In the play Medea, dramatizations of how violence corresponds to familial rage and emptiness are dramatized in several ways. In this play, the playwright creates an outlook of how the experiences undergone by humans, compels the maltreated to fight immoral intentions. Medea, a non-Greek, has left her father and home for the sake of Jason (Illies, 1997). Thus, she was in exile. When Jason marries Glauce, the Corinth’s ruler’s daughter, it serves as a mighty blow to their once happy marriage. Medea has self-dialogues and inner disagreements on how she is planning to execute her revenge on Jason. Powered by her own emotions and her reasoning, Medea pursues what she views as self fulfillment, her poetic justice.
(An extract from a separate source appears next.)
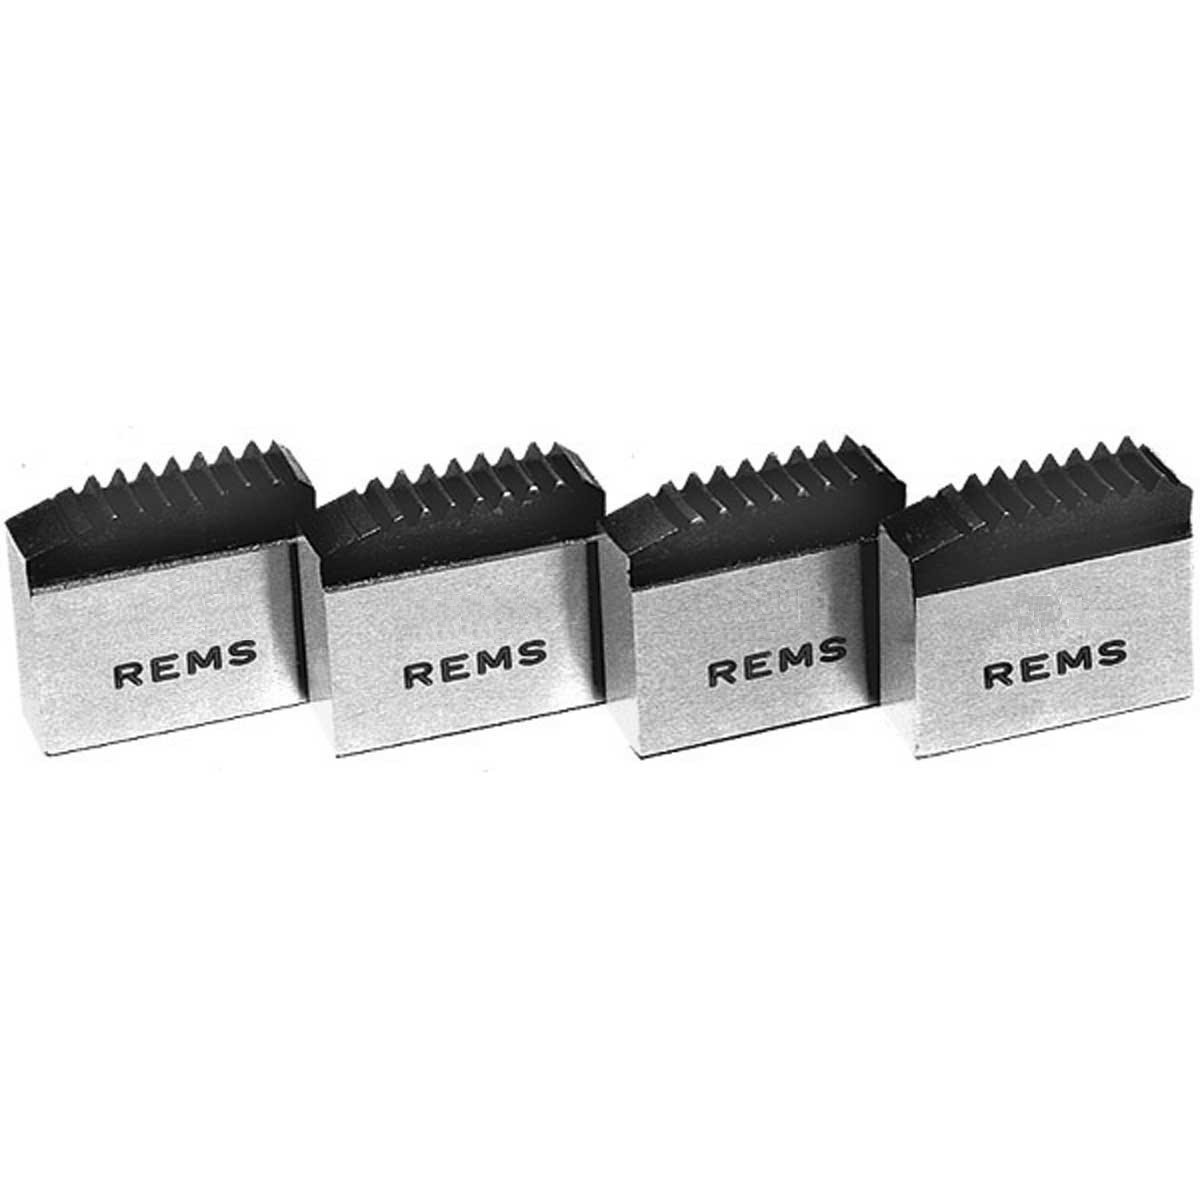 REMS - 1\" Replacement Die Set, 521252

The playwright uses the Nurse character to show how in marriage, women are supposed to heed their husbands by Medea has gone against that “natural order” by following her own decisions, going against the traditions about husbands and children. In the scene where Jason utters “filthy coward”; it compels Medea to wage a war against Jason by first overcoming her emotions. In the play, Medea has hatred for her life and that she would rather die than go into exile. Even as the play comes to close, it is evident that Medea carried her son’s killings not out of hatred for them, but as an avenue to revenge and instill hatred in Jason.

References
Illies, J. S. (1997). Medea: essays on Medea in myth, literature, philosophy, and art. Chichester: Princeton University Press.
William, S. & Mueller J.(2001). Romeo and Juliet. New York: Barron’s Educational Series.